Conditional Cycle-Consistent Diffusion

The next step after synthetic generation is to subject them to realistic noise.

The DDPM takes images, gradually adds noise until they’re pure static, and reverses it to remove noise and recover a realistic-looking image. This results in the network understanding noise patterns and predicting what underlying images could potentially look like.

Note: this isn't just a denoising (noise --> clean image) process as it is also adding complex noise. CryoCCD is doing domain translation (synthetic --> realistic). As a result, without conditioning, the diffusion model might generate realistic images but with no respect to the original micrograph's particle placement, shapes, and background vs. foreground relationships.

Conditional Control

To address the issue of random generation, segmentation masks are used. In essence, create a mask showing where particles are vs. background in your synthetic image, feed the mask to the diffusion model along with the synthetic image, and the model learns to maintain particle placement/structural integrity.

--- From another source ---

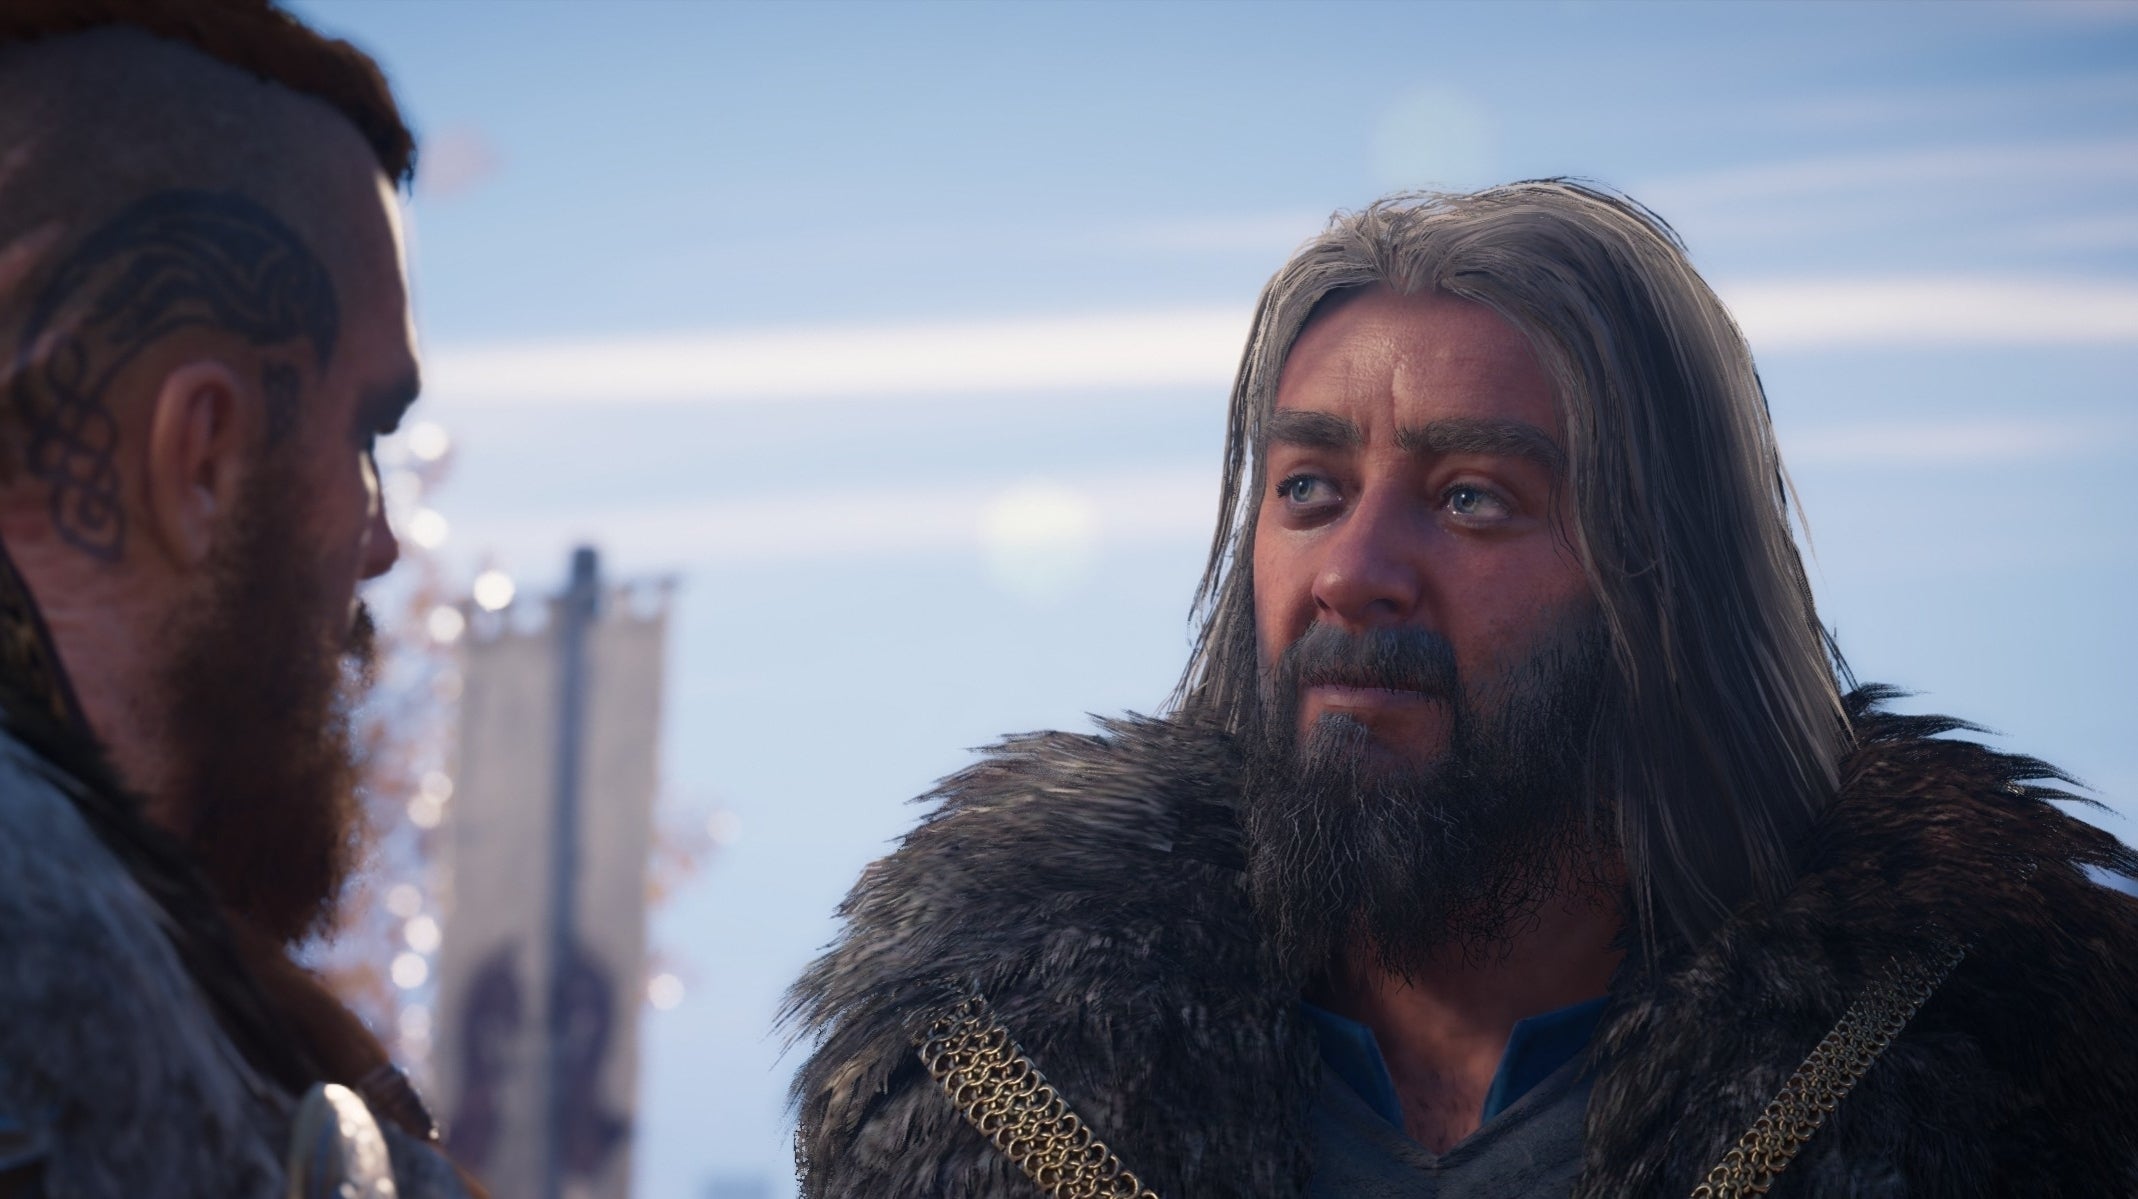 Image for Assassin's Creed Valhalla - Vili or Trygve: The consequences of choosing the next Jarl of Snotinghamscire explained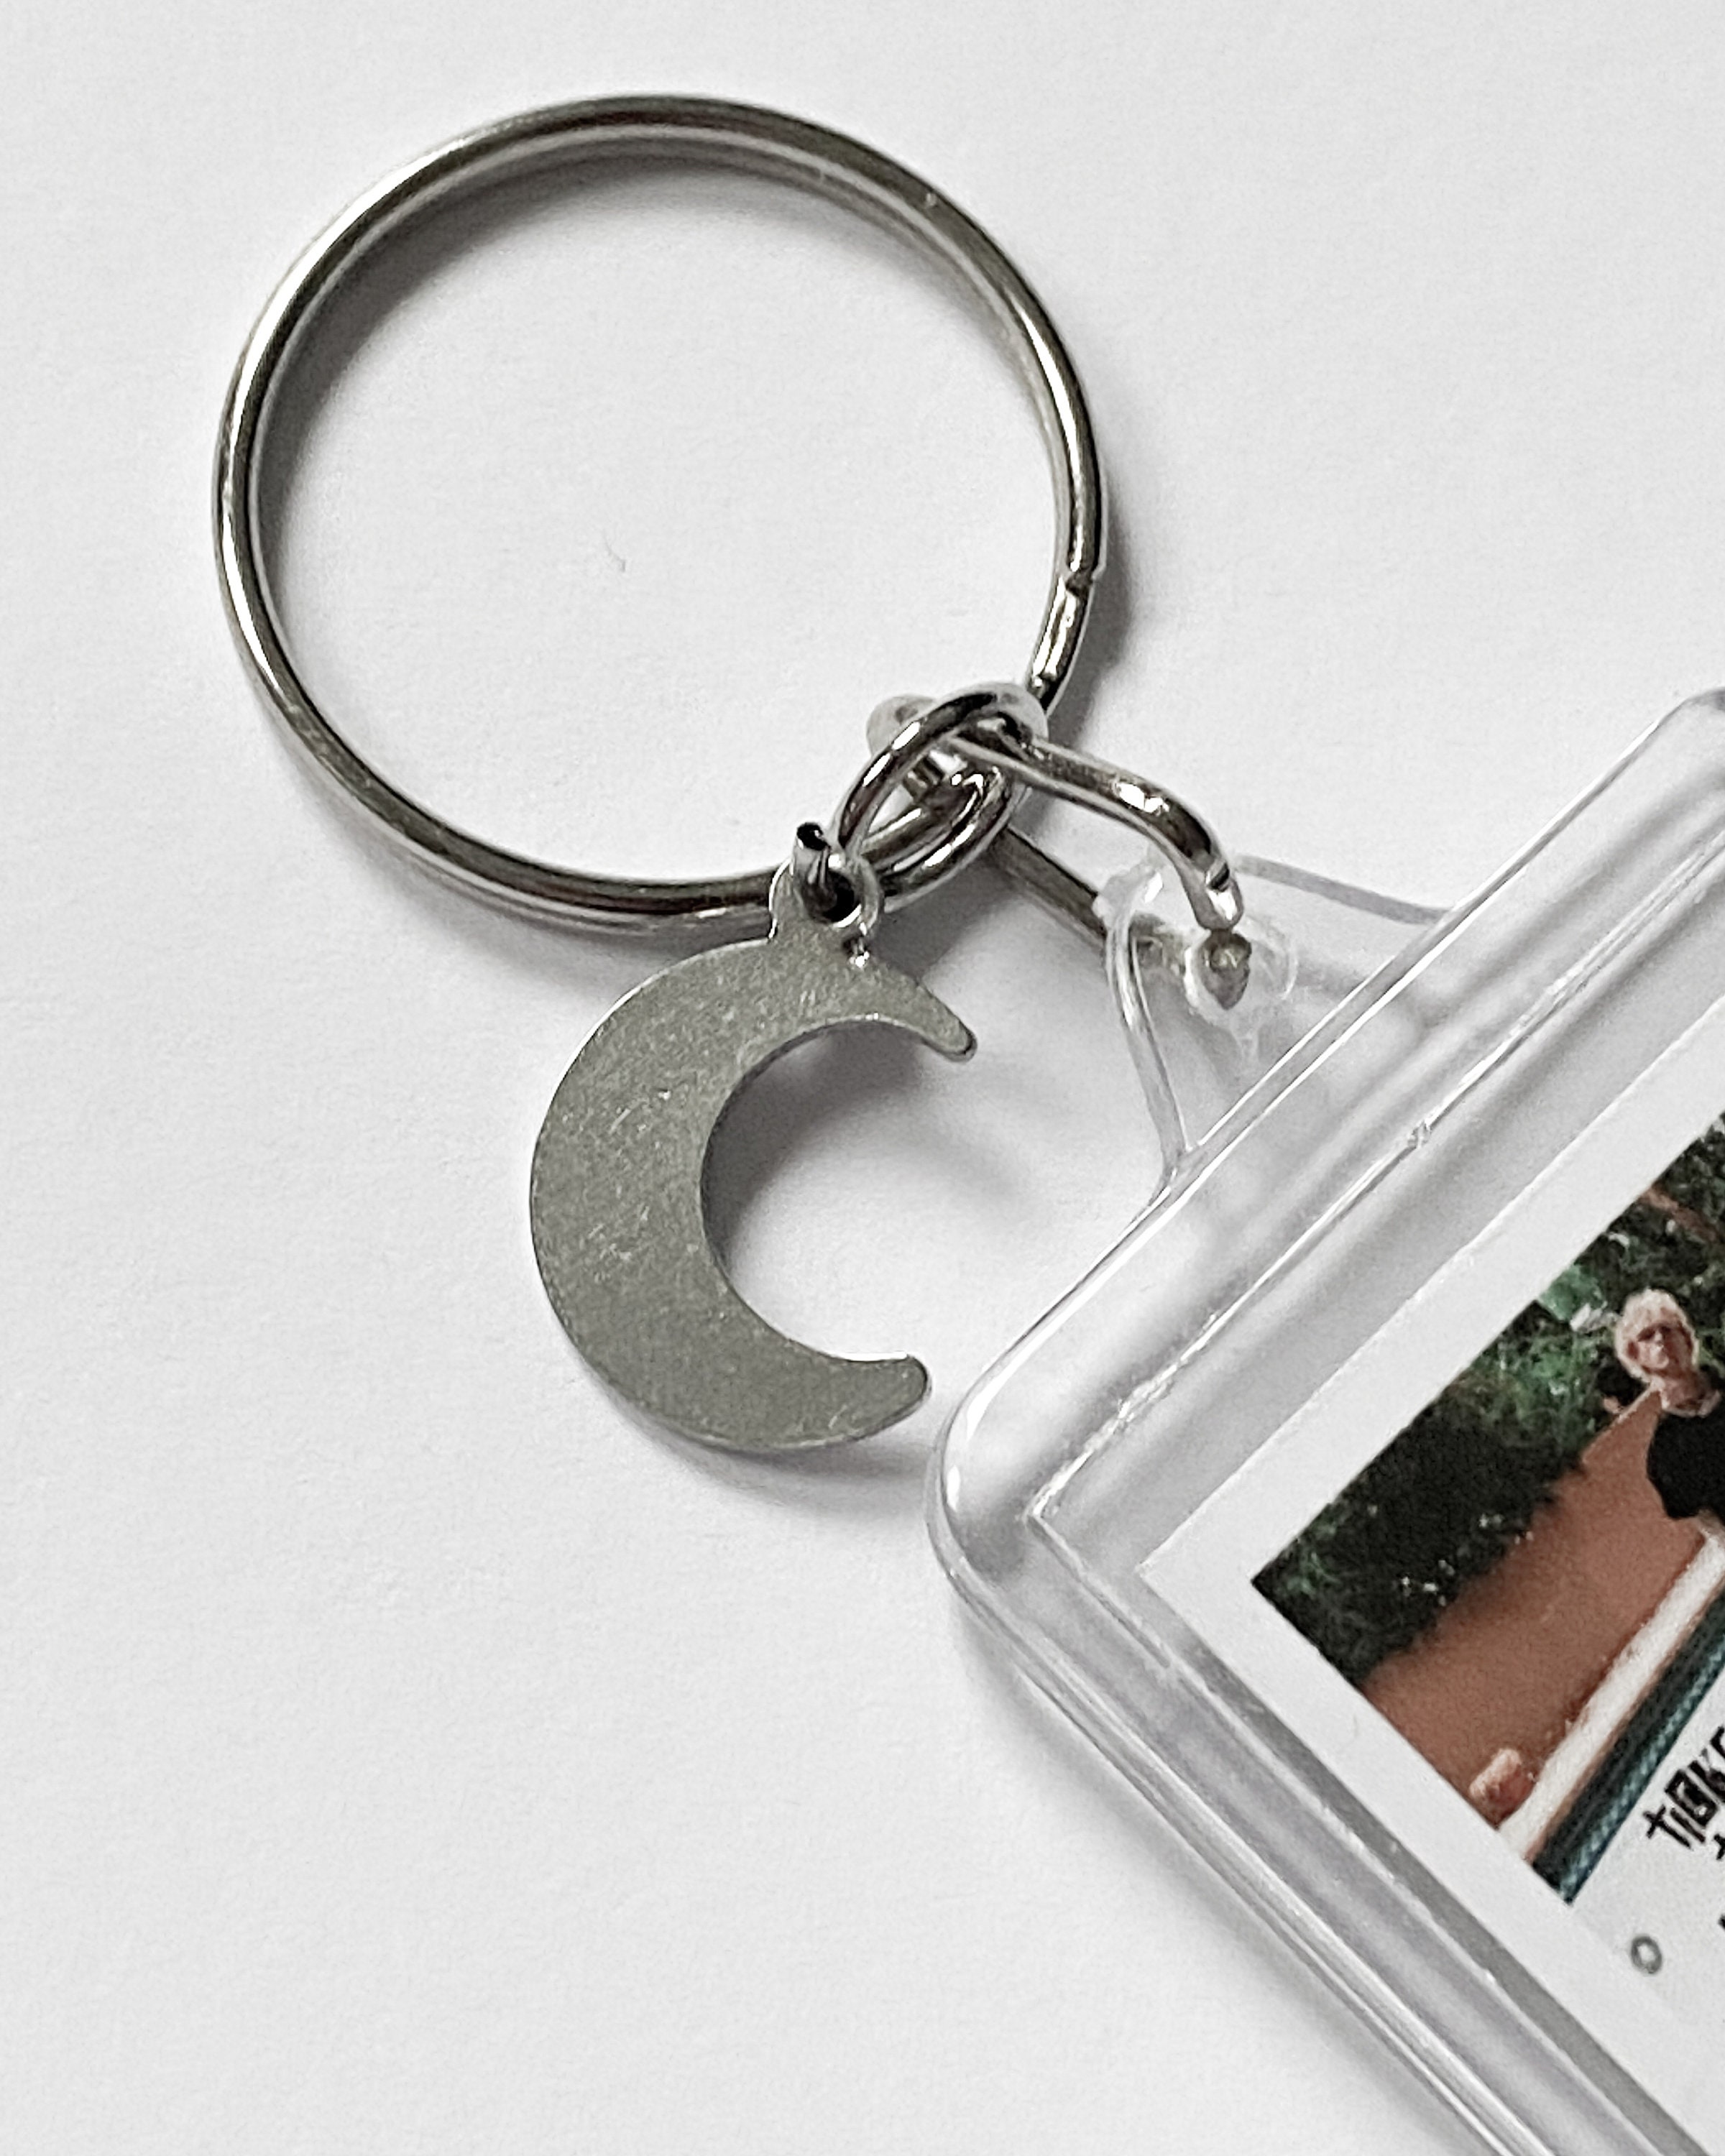 DikaGiftStudio Custom Keychain with Photo 2pcs - Double-Sided Personalized Keychain and Wooden Gift Box - Gift for Boyfriend - Gift for Him Photo Keyring

Masks are also used for contrastive learning through defining anchors (foreground features), positives (other particle region features), negative (background region features).

Unpaired Data

This one is fascinating. Paired examples of synthetic micrographs and their real, experimental version don’t exist. So how would the model know if it’s translating correctly? The authors used cycle consistency:

Original synthetic → G_A→B → Realistic version → G_B→A → Reconstructed synthetic

Two generative models are at play, and the second, which reconstructs the synthetic image, is compared with the original to ensure that the A B translation preserved all important structural information. Without G_BA, you have no way to verify if G_AB is working correctly. Information out = Information in.

Through training both models, you can measure cycle loss (||original synthetic - reconstructed synthetic||) and then use this loss to improve both models via self-supervised learning.

When loss is high:

∂L_cycle/∂G_A→B → "Don't move particles so much"

∂L_cycle/∂G_B→A → "Learn to better reverse the A→B translation"

When loss is low:

∂L_cycle/∂G_A→B → "You're preserving structure well, now focus on realism"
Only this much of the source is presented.